Bolivia 'could close' US embassy after plane incident
President Evo Morales has threatened to close the US embassy in Bolivia after his official plane was banned from European airspace.
The warning came as South America's leftist leaders offered him support at a special summit on Thursday.
His plane was forced to land in Austria on Tuesday after several European nations barred it from flying through their airspace.
There were unfounded suspicions that US fugitive Edward Snowden was on board.
The Bolivian president blamed Washington for pressurising European countries into refusing him passage.
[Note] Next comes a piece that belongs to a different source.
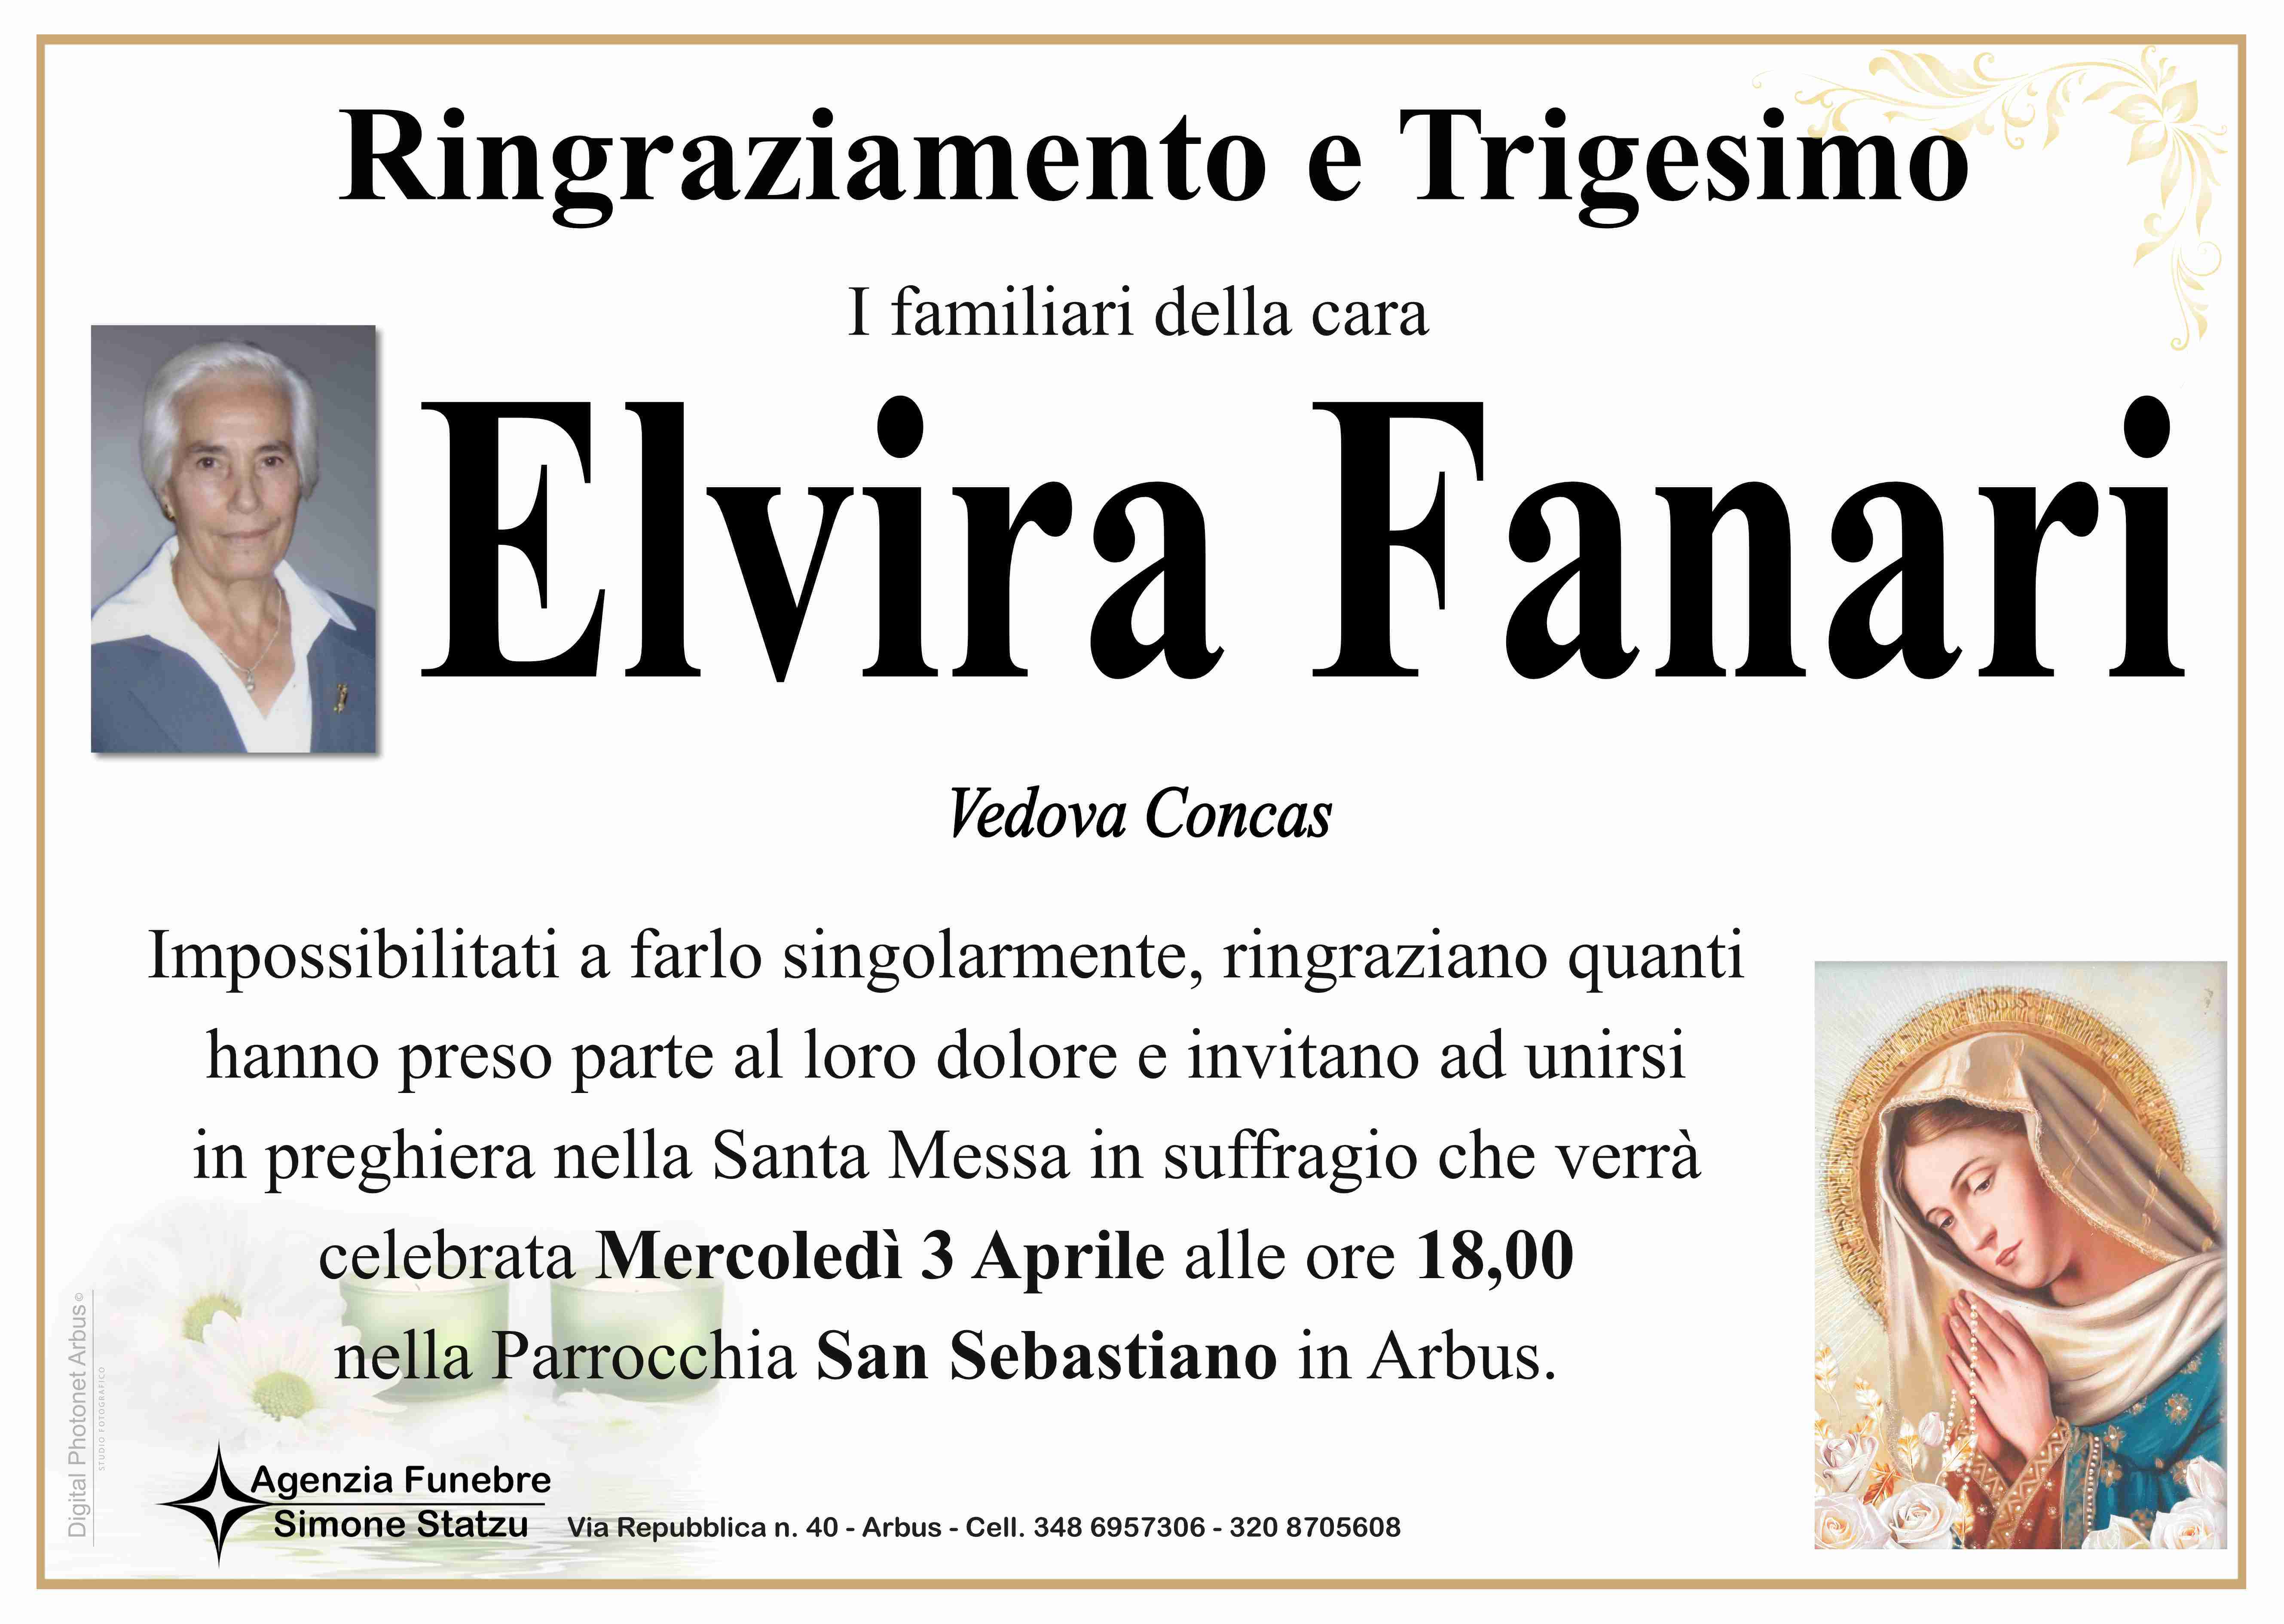 Elvira Fanari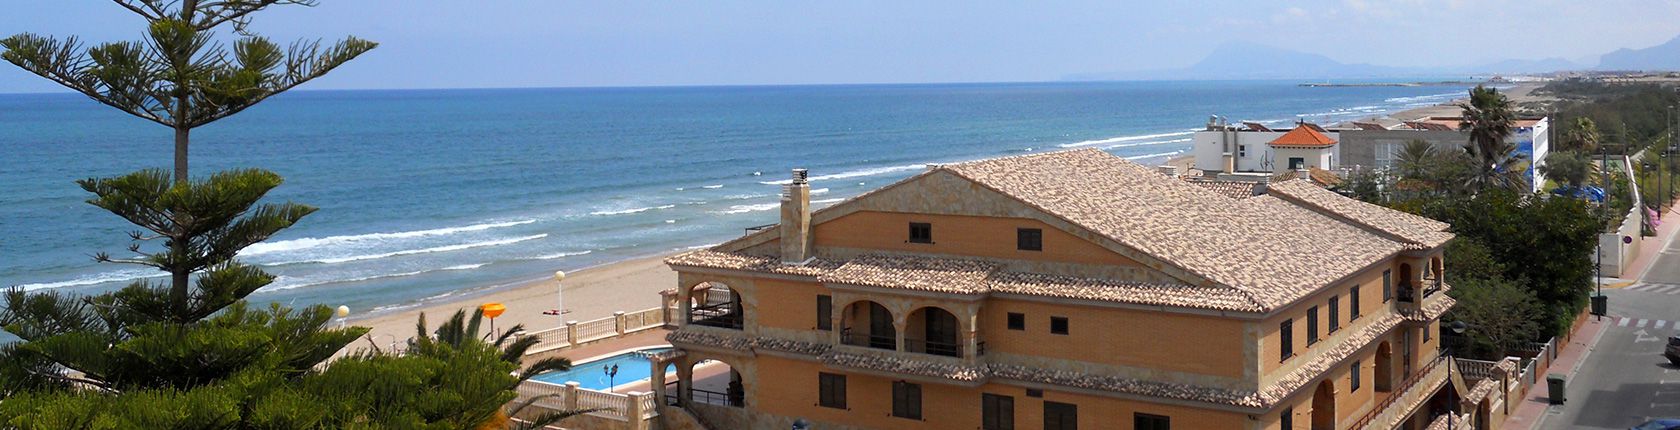 Descubra nuestra gran oferta inmobiliaria Playa de Miramar, Piles, Guardamar, Daimus. CVK & HOMES en Miramar

"My hand would not shake to close the US embassy," Agence France-Presse news agency quoted Mr Morales as saying.
"We have dignity, sovereignty. Without the United States, we are better politically, democratically."
His presidential jet was rerouted as he travelled from a meeting in Russia where he had suggested he would be willing to consider an asylum application from Mr Snowden.
The former CIA contractor is believed to be holed up at the transit area of Moscow airport after leaking details of a vast US surveillance programme.
Mr Morales was joined by the presidents of Argentina, Uruguay, Ecuador, Venezuela and Suriname at a meeting to discuss the plane dispute in the Bolivian city of Cochabamba on Thursday.
Ecuadorean President Rafael Correa he and the other leaders were offering full "support" to Mr Morales while Argentine President Cristina Fernandez de Kirchner called for an apology.
"I'm asking those who violated the law in calm but serious manner, to take responsibility for the errors made, it's the least they can do," the Associated Press quoted her as saying.
France has apologised for the plane incident, blaming it on "conflicting information".
Demonstrators marched on the French embassy in La Paz on Wednesday, burning the French flag and demanding the expulsion of the ambassador to Bolivia.
Mr Morales' plane took off from Vienna on Wednesday morning and arrived back in La Paz on Wednesday night.